十字架上の死については、イギリスの神学者アリスター・マクグラス(1953-)を使って十字架の神学を説明する。マクグラスは聖公会の神学者のようだが、阿部師は良く読み込んでおられるようだ。マクグラスは日本では佐藤優が現代最高の神学者と評価していることでよく知られている。阿部師がここまでプロテスタント神学を組み込んでくることに驚きを感じた。というより、十字架の神学についてはカトリックとプロテスタントの違いはなくなってきているのかもしれない。
また、マルコ15・34の「わが神、わが神、なぜ私を見棄てるのですか」の解釈として、伝統的な、①死の絶望に襲われた人の叫び、②自分が見棄てられたことを知った人の叫び、の二つの解釈を否定し、ベネディクト16世の解釈、すなわち、この言葉は詩篇22を身をもって体験した義人の出来事、をとる。つまり、神への祈りだという。これはなかなかフォローしづらい説明だが、それは、ラッチンガーのような神学者の説明・解釈は、普通我々がおこなう個人主義的解釈を避け、教会としての共同体的解釈を優先するからだという。個人としてどう考えるかではなく、教会としてどう考えるか、が優先される。

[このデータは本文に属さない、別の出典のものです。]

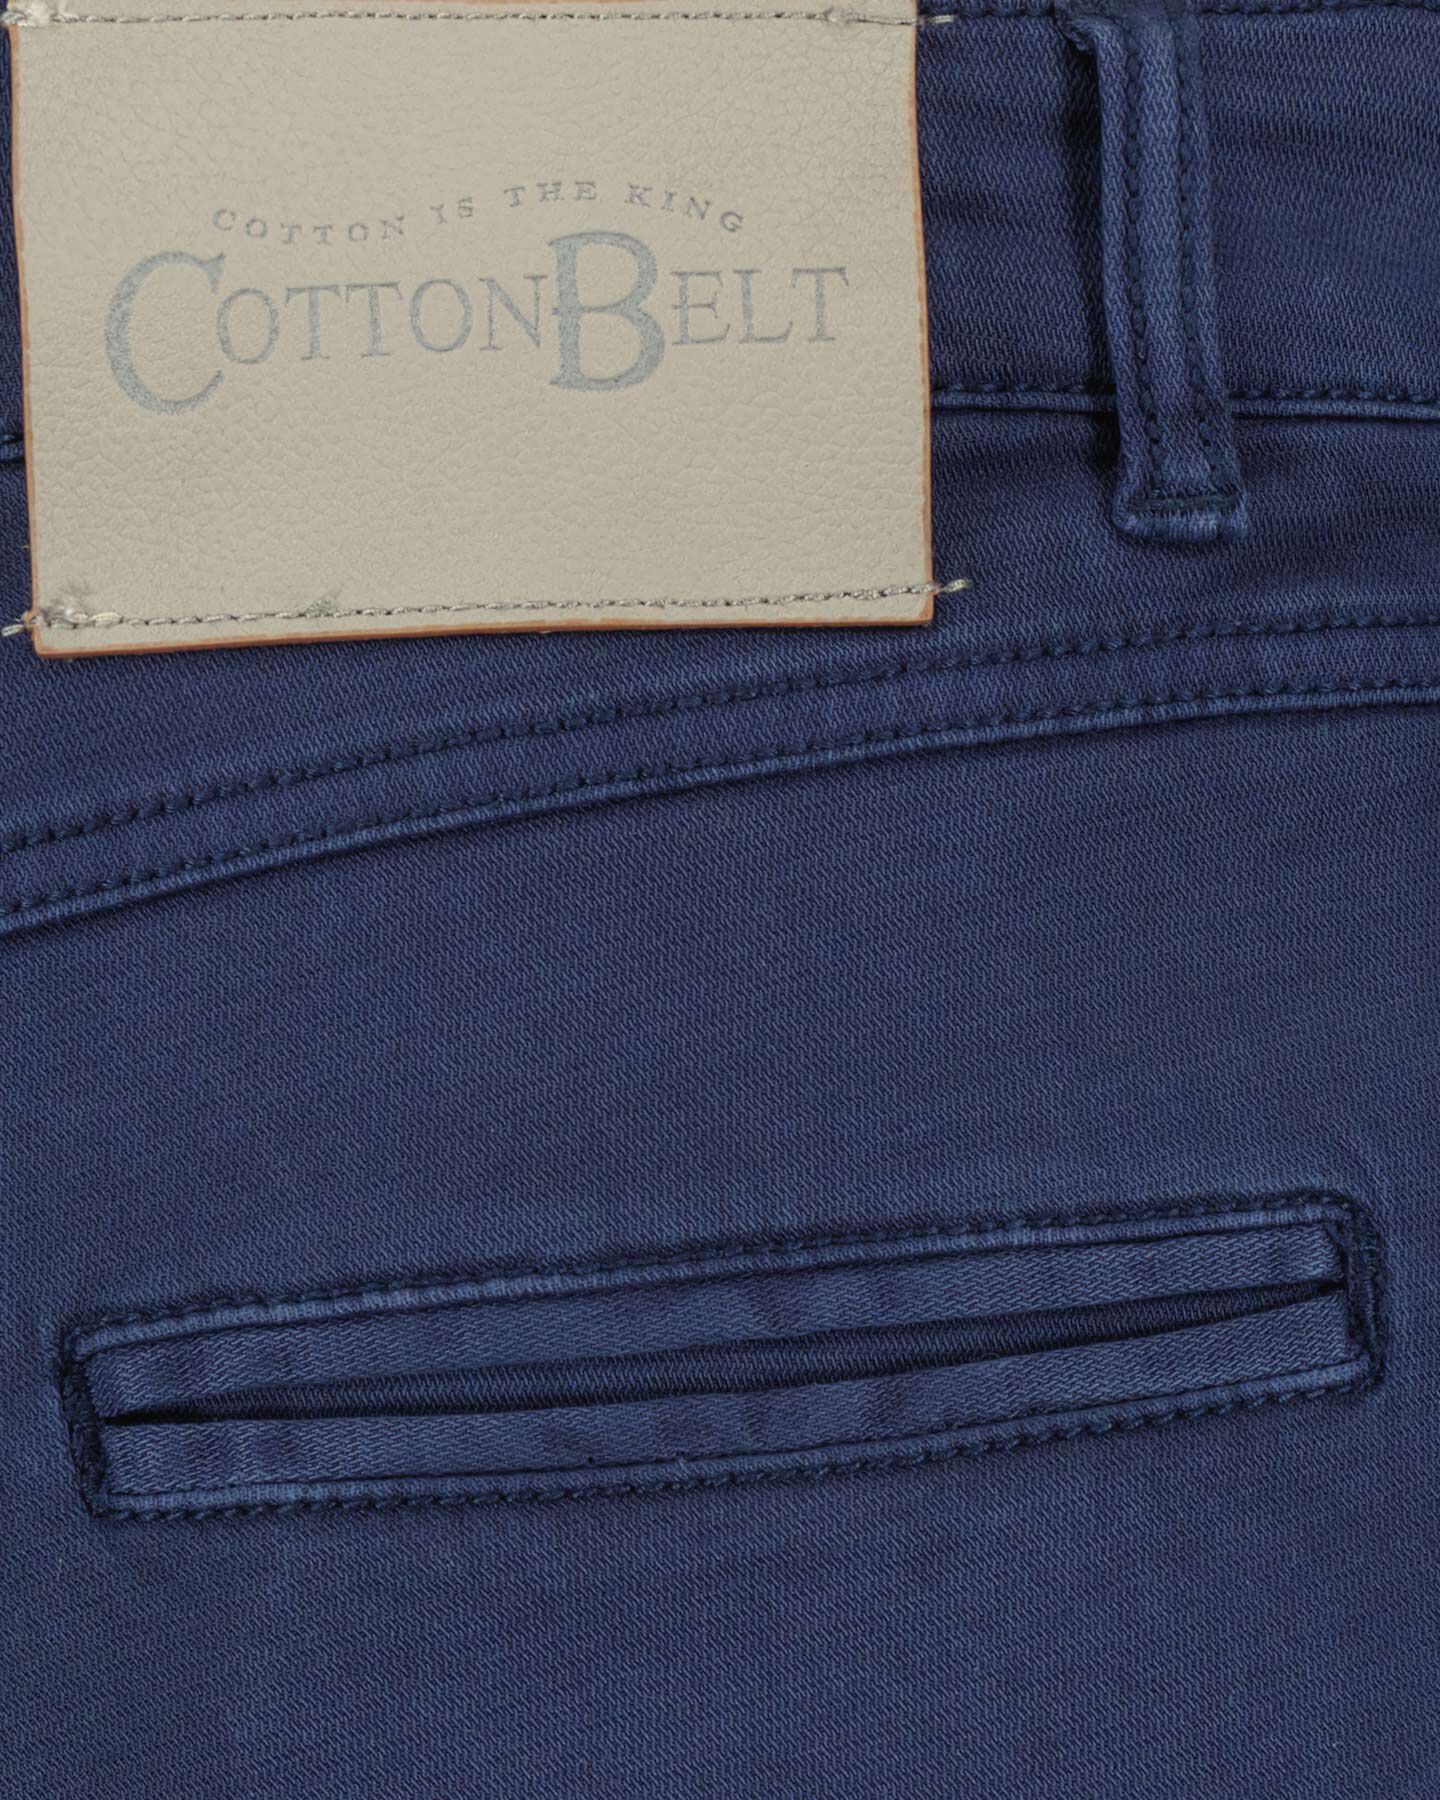  Pantalone COTTON BELT CHINO M S4115862|518|30 scatto 4

こういう議論の展開のしかたには阿部師も説明に苦労しているらしく、10頁近くを費やしている。
イエスの葬りについては簡単にふれているだけだ。墓に葬られるとは「完全に死んだ」ことを意味しているという。復活は蘇生とか、あの世からの舞い戻りと考えがちな日本人への阿部師の暗黙の批判のようにも読める。
第12講 よみに降るイエス
イエスの全生涯の要約の第三段階は、「⑥死者のもとに降り」という文章です。これは大事な点だ。信者の視点から見れば、イエス登場以前の人間は救われないのか、イエスを待ち望みながら死んだ人(殉教者など)はどうなるのか、幼くして亡くなった赤子はどうなるのか、堕胎で下ろされた子はどうなるのか(いわゆる水子問題)、キリストを知らずに生涯をおえる人、洗礼を受けていない人は救われないのか、などという切実な問いが周囲から寄せられる。これらの問いへの答えはシンプルだ。「まだ救いの無い状態に留め置かれている」となる。が、この答えは本当に説得力をもっているのか。アウグスティヌスの煉獄論もあまり聞かれない。遺伝子操作、ゲノム編集が可能な時代にも通じる説明がほしいところだ。

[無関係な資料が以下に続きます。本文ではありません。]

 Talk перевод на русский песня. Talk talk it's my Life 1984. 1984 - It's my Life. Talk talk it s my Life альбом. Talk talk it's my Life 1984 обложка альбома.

イエスが到来する以前の死者が赴いたところを「よみ」(陰府)という。かっては「古聖所」とよんでいた。死者は死後すぐに天国に行くのではない、地獄に落ちるのでもない、「よみ」にとどまっている、というのがローマ・カトリック教会の説明だ。だが、阿部師は、教会は「死後の世界」についてほとんど語っていないという。『カトリック教会のカテキズム』では、死者のもとに降るイエス=キリストに関する記述はほんのわずかだという。ヨハネ・パウロ二世の許可を経て発表された教理省書簡『終末論における若干の問題について』(1975年)はこう述べているという。「聖書も神学も、死後にくる未来の生命についてふさわしく描写するために十分な資料を与えているわけではない」。ここでは、イエス=キリストが死後の世界にまで降りていく、つまり、イエスは生者のみならず死者をも救おうとする点が強調されており、死後の世界そのものについてはあまり語られない。仏教、ヒンズー教、イスラム教ではどうなのだろう、と考えたくなるがそれはまた別問題となる。
第13講 復活・昇天・高挙・再臨の際の裁き
イエスの全生涯の要約の第四段階は、「⑦三日目に復活し、⑧天に昇って、⑨全能の御父である神の右の座に就き、⑩生者と死者を裁くために来られます」という長い文章だ。つまり、イエスの地上での生活のあと何が起こるのか、という問いへの答えだ。阿部師は「意味のある完成へ」向かう、と表現している。意味のある完成とは抽象的な表現だが結局は救いのことだろう。師は、「無意味な人生はありません」と述べる(182頁)。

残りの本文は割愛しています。